I have been working quite a bit on picking up dangerous migration patterns in migration scripts over at the eugene repository lately. A major feature I’ve added is syntax tree analysis, so that we can pick up some patterns without having to run the SQL scripts. This isn’t quite as precise as running the scripts, but it’s a lot faster and can catch quite a few common mistakes. So let’s take a look at how it works!

Linting SQL with pq_query.rs

One of the fun things about writing eugene in Rust, is that I get to use native libraries. This is a pretty useful capability to have, as it turns out that SQL is a really huge language that is painful to parse, and there is an excellent open source parser for it in Postgres itself.

pg_query.rs is a Rust wrapper around the Postgres parser, and it’s been really easy to start using it, by just running cargo add pg_query.

Note that this doesn’t mean it’s easy to use! Or rather, it’s not that hard to use, but even though someone else wrote the parser, the language itself is still huge and complex. But it’s done now, eugene lint can parse SQL and give some useful hints:

eugene lint -f json examples/alter_column_unique.sql

{
  "name": "examples/alter_column_unique.sql",
  "lints": [
    {
      "statement_number": 1,
      "sql": "alter table books add constraint unique_title unique(title)",
      "lints": [
        {
          "id": "E7",
          "name": "Creating a new unique constraint",
          "condition": "Found a new unique constraint and a new index",
          "effect": "This blocks all writes to the table while the index is being created and validated",
          "workaround": "`CREATE UNIQUE INDEX CONCURRENTLY`, then add the constraint using the index",
          "help": "New constraint unique_title creates implicit index on `public.books`, blocking writes until index is created and validated"
        },
        {
          "id": "E9",
          "name": "Taking dangerous lock without timeout",
          "condition": "A lock that would block many common operations was taken without a timeout",
          "effect": "This can block all other operations on the table indefinitely if any other transaction holds a conflicting lock while `idle in transaction` or `active`",
          "workaround": "Run `SET LOCAL lock_timeout = '2s';` before the statement and retry the migration if necessary",
          "help": "Statement takes lock on `public.books`, but does not set a lock timeout"
        }
      ]
    }
  ]
}

Splitting a SQL script into statements is super simple:

/// Separate SQL script into statements
pub fn sql_statements(sql: &str) -> Result<Vec<&str>> {
    Ok(pg_query::split_with_parser(sql)?
        .into_iter()
        .map(|s| s.trim())
        .collect())
}

Parsing a statement is also pretty simple, you just call pg_query::parse. The hard part starts once you have gotten the syntax tree.
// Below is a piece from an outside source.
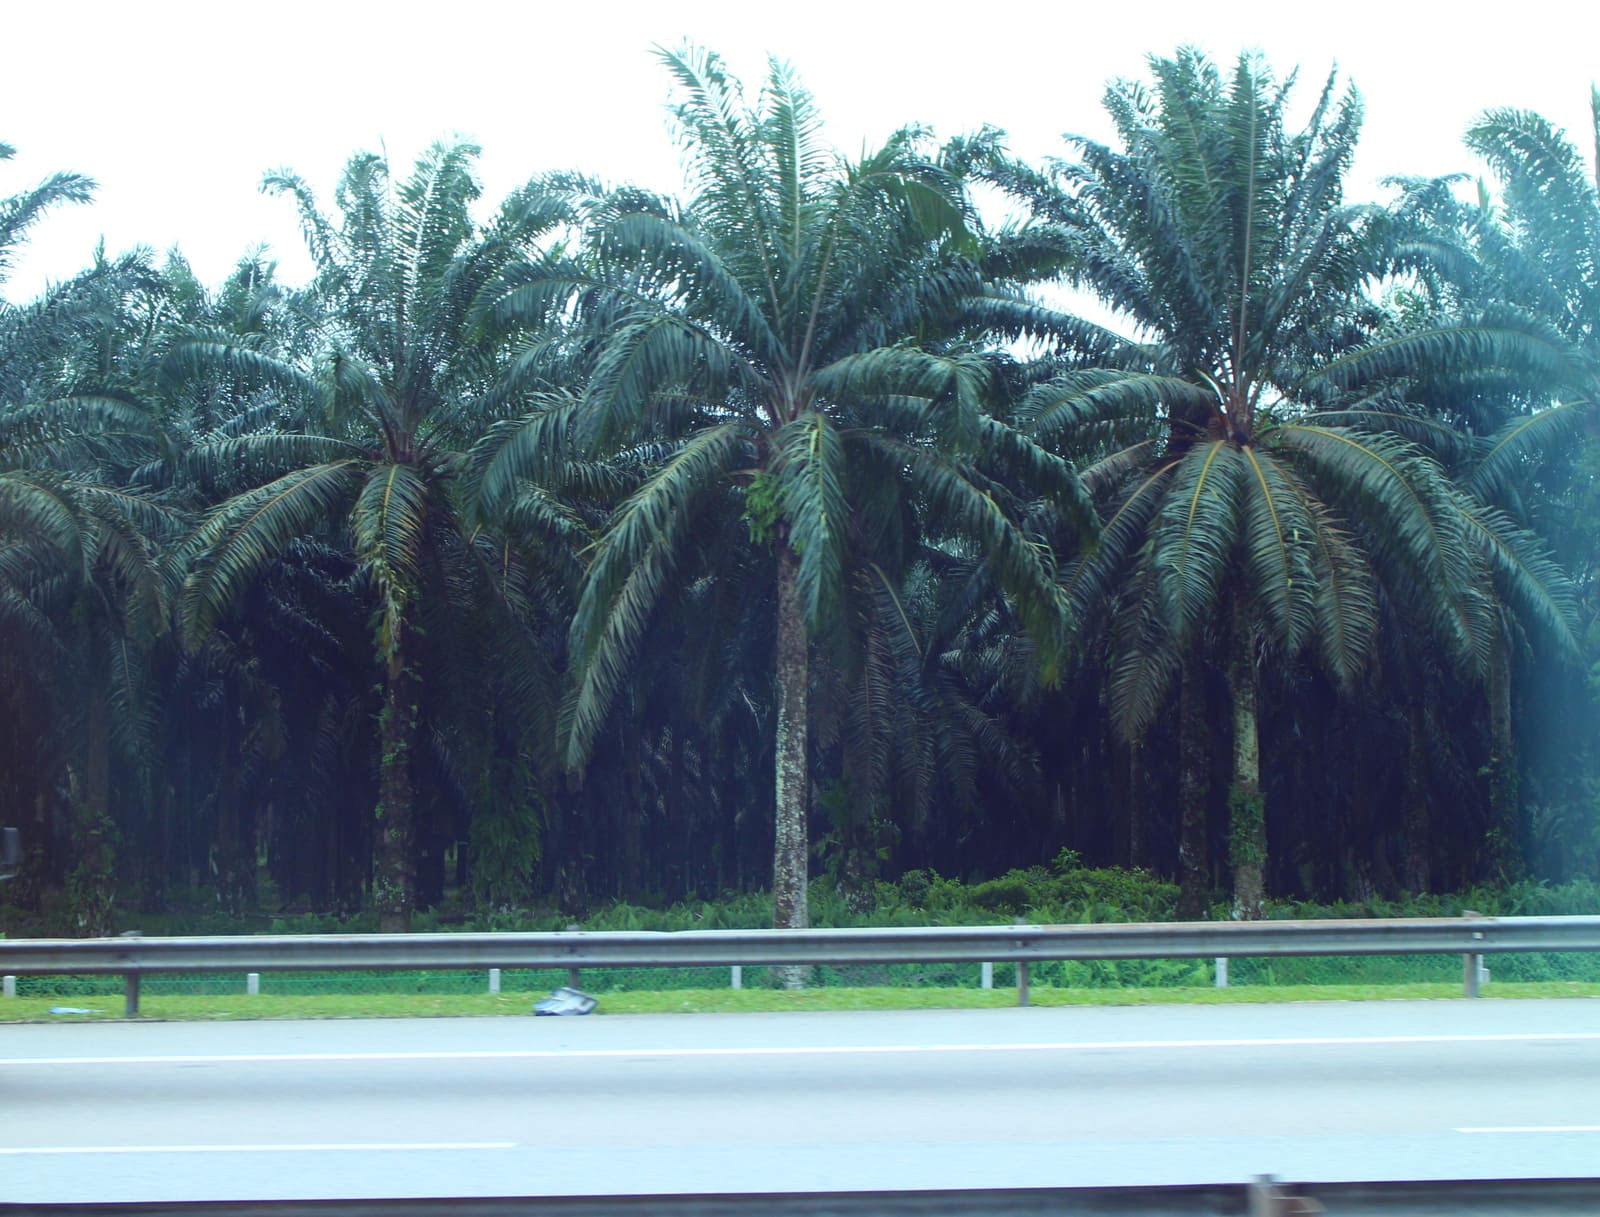 6/19中午告別新加坡前往馬來西亞新山高速公路上，兩旁看不到任何房屋，盡是棕櫚樹，馬來西亞以農立國

Navigating `pg_query::NodeRef`

At the start, I tried to work with the enum pg_query::NodeRef. This uses a nice pattern I hadn’t seen before, here’s an excerpt:

#[derive(Debug, Copy, Clone)]
pub enum NodeRef<'a> {
    Alias(&'a protobuf::Alias),
    RangeVar(&'a protobuf::RangeVar),
    TableFunc(&'a protobuf::TableFunc),
    // ...
}

Each of the variants of NodeRef contains a reference to a protobuf struct (generated by prost) that contains the actual data.

This is much nicer to work with than putting the actual data in enum variants, because it means you can type a function to accept “the variant”, so it’s clear what kind of data it expects, and you avoid having to match on the enum in more than one place. This kind of makes it feel like a scala sealed trait with case classes in terms of capabilities, which is nice. The disadvantage is that there’s an extra layer of unpacking to do in matches, in order to get the data, you’d have to do something like this to bind the aliasname field of an Alias:

fn example(stmt: pg_query::NodeRef) {
    match stmt {
        NodeRef::Alias(pg_query::protobuf::Alias { aliasname, .. }) => {} // Do something with `aliasname`
        _ => {}
    }
}

NodeRef and its sibling Node turn up in a lot of places in the protobuf structs, and are a bit difficult to work with, with all the borrowing, referencing and this extra layer.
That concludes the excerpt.